Germany increased the production of electricity and significantly expanded its exports, primarily to France. At the same time, the extreme high cost of natural gas forced the German electric power industry to intensively use coal. Approximately half of electricity generation was provided by renewable energy sources (RES), with solar energy showing the largest growth. At the same time, the role of nuclear power plants continued to decline.
These are some of the key takeaways from a detailed report published on September 7th. reports of the German Federal Statistical Office (Destatis) on electricity generation in the 1st half of 2022. This statistic includes all generating facilities supplying the German national power grid, but does not take into account plant-based power plants that exclusively supply the needs of the respective enterprises.
France stops nuclear power plant and buys electricity from Germany
The figures that characterize the growing role of Germany as an exporter of electricity can cause the greatest surprise. If the total volume of electricity production increased by a moderate 1.3% compared to the first half of 2021, then supplies to neighboring countries increased by 14.5%. At the same time, imports decreased by 9.1%. As a result, the foreign trade surplus in this sector reached 16.3 billion kilowatt-hours.
Most surprisingly, for the first time since German reunification in 1990, German energy companies exported more electricity to France than they imported from there. This is due to a very sharp, by 58.9%, reduction in supplies from a neighboring country, caused by acute crisis of French nuclear energy.
This year, more than half of the 56 French nuclear power plants had to be shut down due to various technical problems. In addition to cracks and corrosion, the extreme heat and ensuing drought has also become a problem, leading to shallowing and rising water temperatures in the rivers from which water is usually taken to cool reactors.
The data from Destatis shows how strongly these factors affected the results of the first half of the year in Germany. Therefore, it can be assumed that in the current second half of the year the consequences of the crisis in the French electric power industry will be even more significant, because in July and August the problems of nuclear power plants associated with climatic phenomena have become significantly aggravated. And this, in turn, required an increase in German electricity exports.
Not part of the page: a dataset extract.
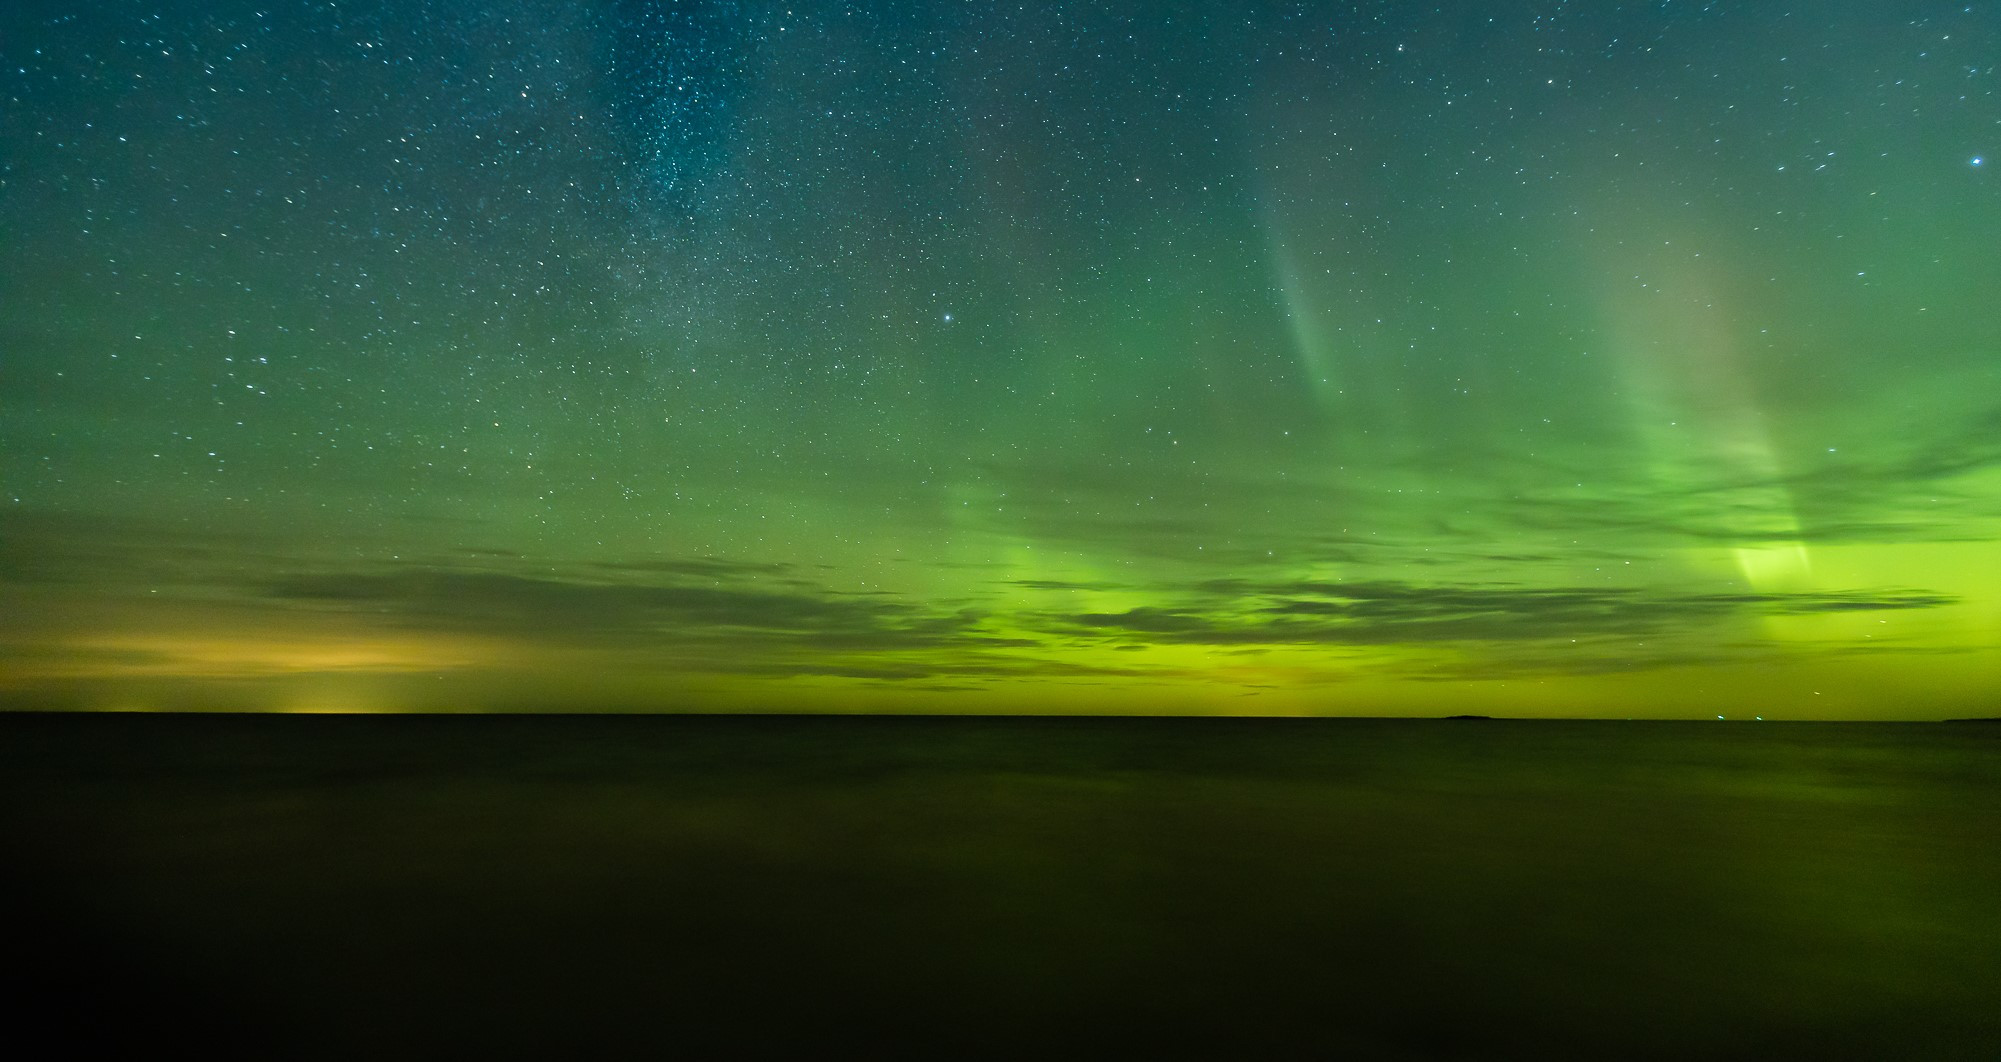 Săn cực quang - dải sáng huyền bí tại Phần Lan khiến du khách ...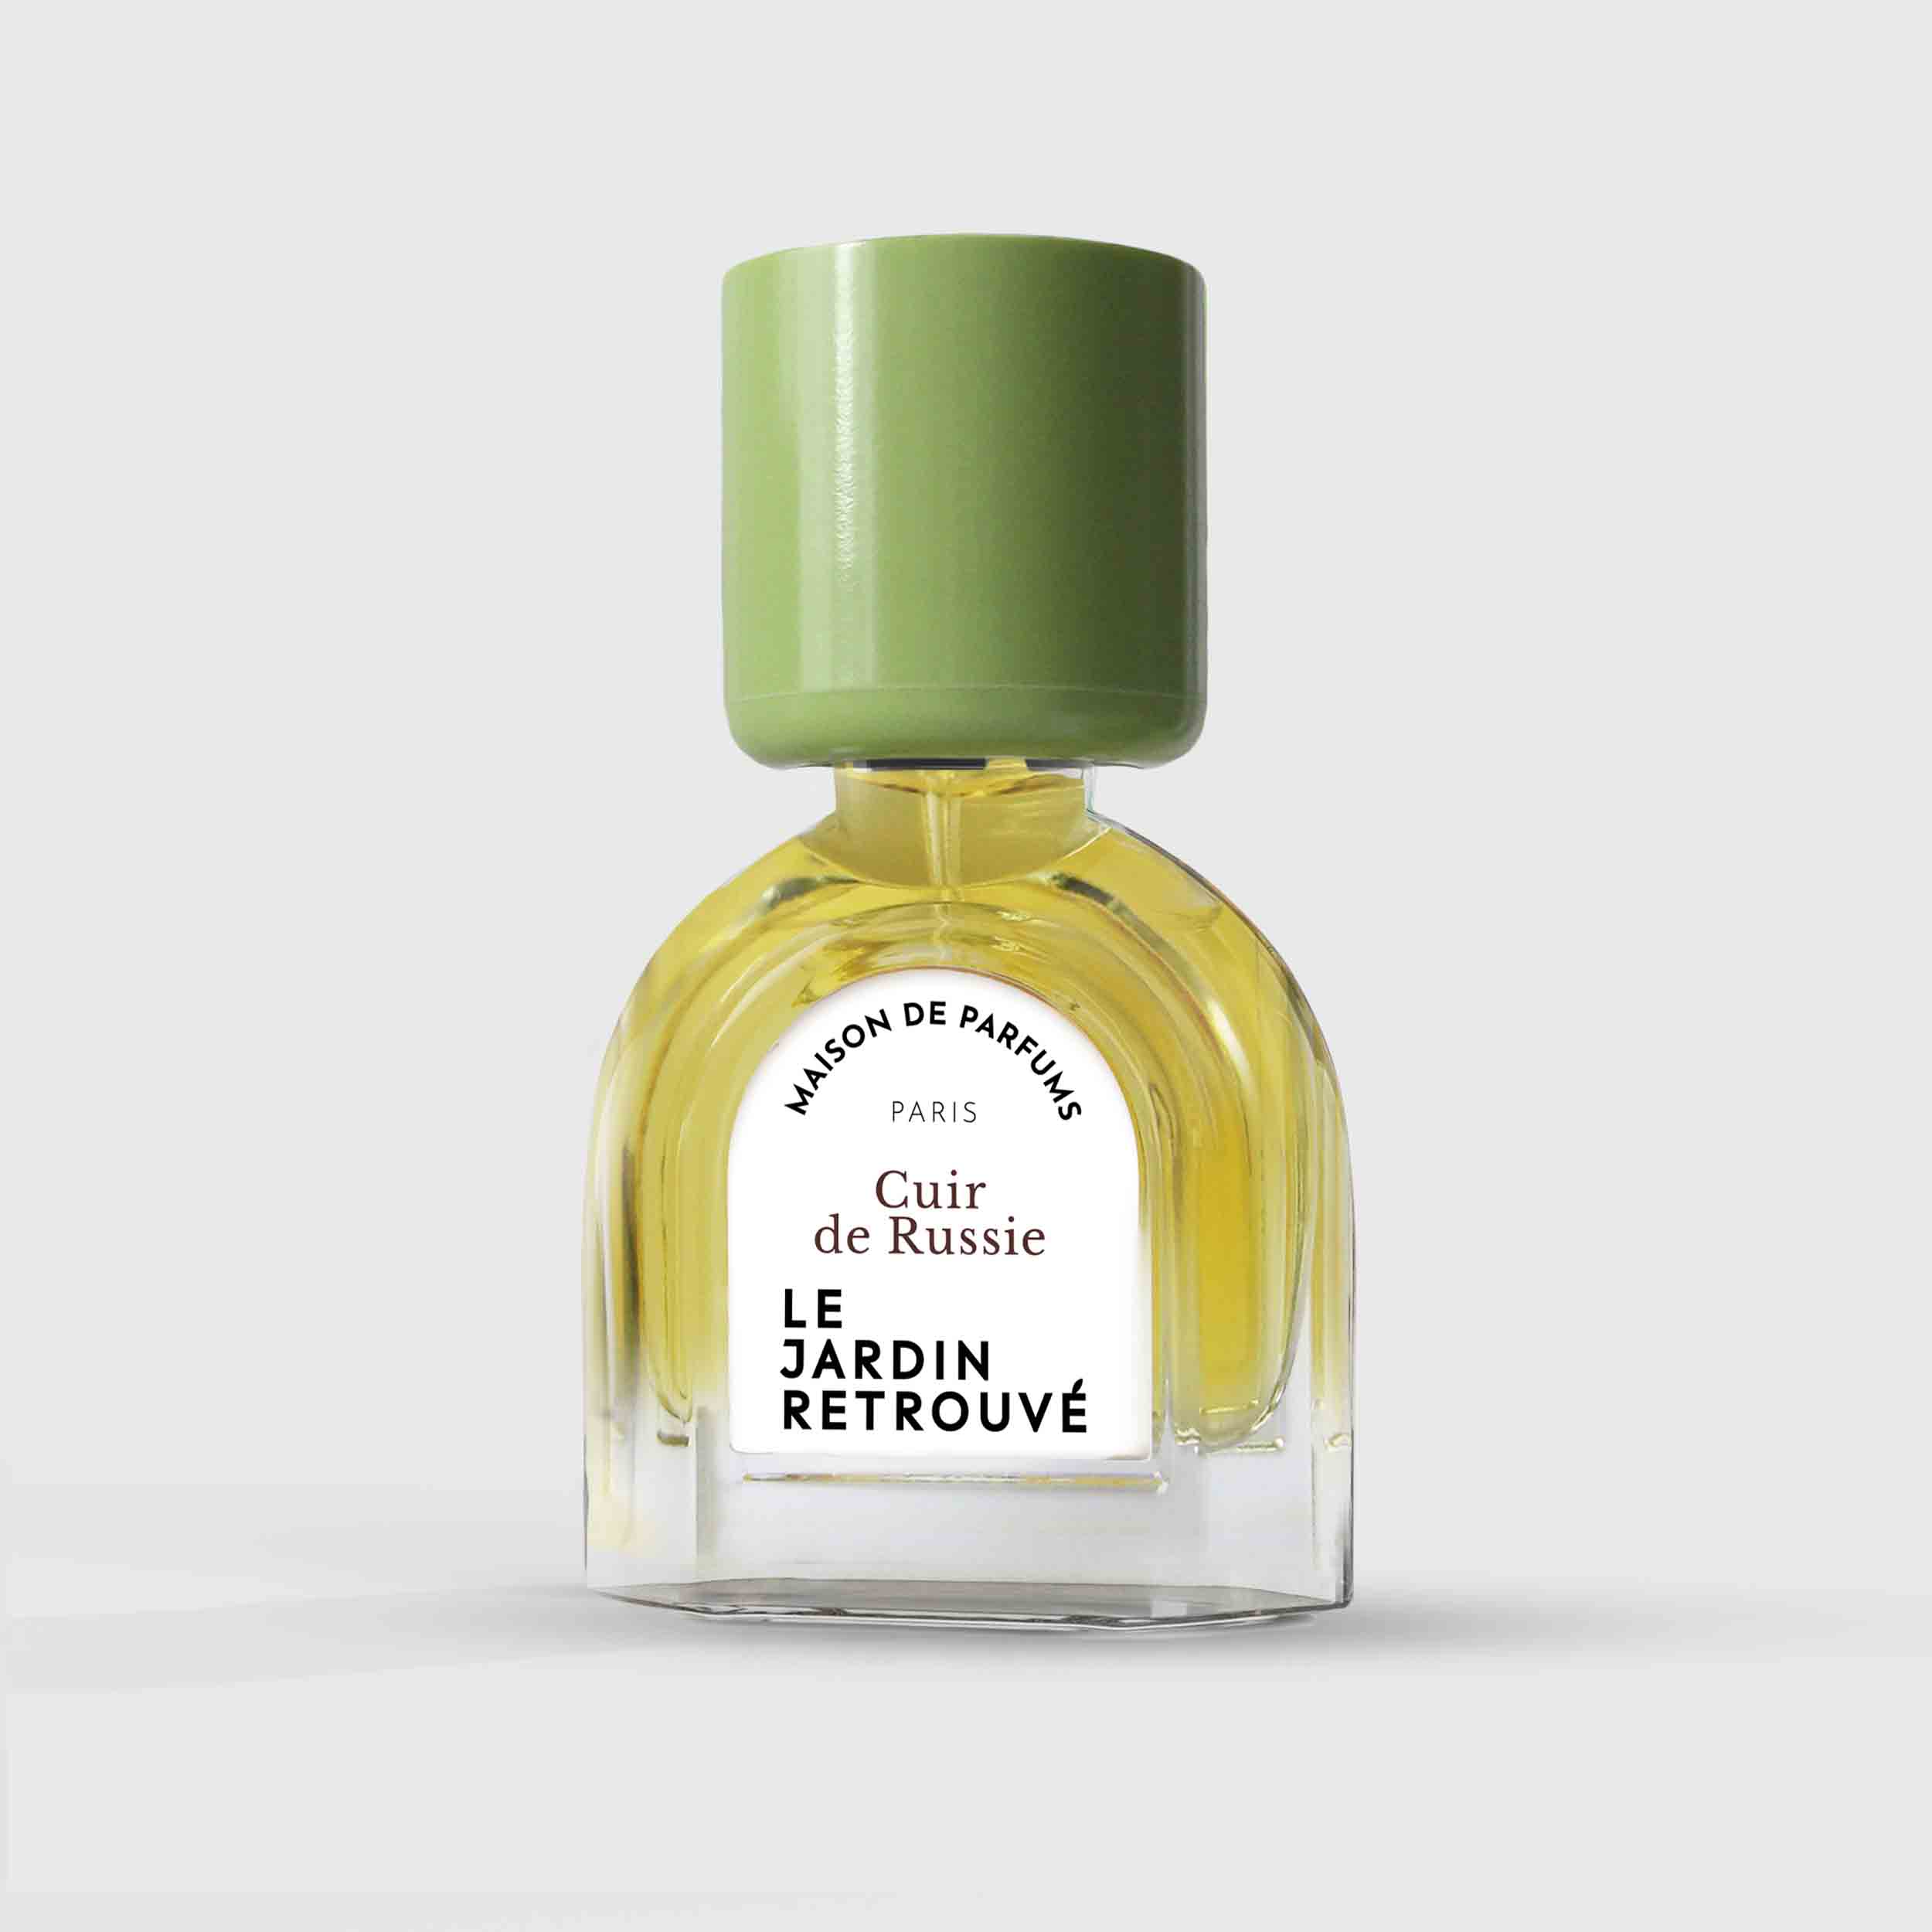 Cuir de Russie Eau de Parfum 15ml Bottle by Le Jardin Retrouvé

Various German media believe that the increased transfer of German electricity to France in order to compensate for the downtime of its numerous nuclear power plants was not the main, but one of the reasons for the sharp rise in the cost of electricity in Germany.
Moreover, in the foreseeable future, the needs of the neighboring country are unlikely to decrease. In any case, on September 5, German Chancellor Olaf Scholz and French President Emmanuel Macron agreed on mutual energy support during a video conference: Germany will continue to actively export electricity to the neighboring country, and in return will receive natural gas from French gas storage facilities and from LNG terminals.
A third of German electricity is now produced from coal
This gas under full cessation of supplies from Russia via Nord Stream will be needed in Germany for heating homes and in industry, but is unlikely to be widely used to generate electricity: in the 1st half of the year, according to Destatis, electricity generation at gas-fired power plants fell by 17.9% due to the extreme high cost of this fuel, and in the 2nd half of the year, this process will probably accelerate even more. Firstly, because gas prices remain prohibitive, and secondly, because a large-scale campaign to save gas is now being launched in Germany, especially in the electric power industry.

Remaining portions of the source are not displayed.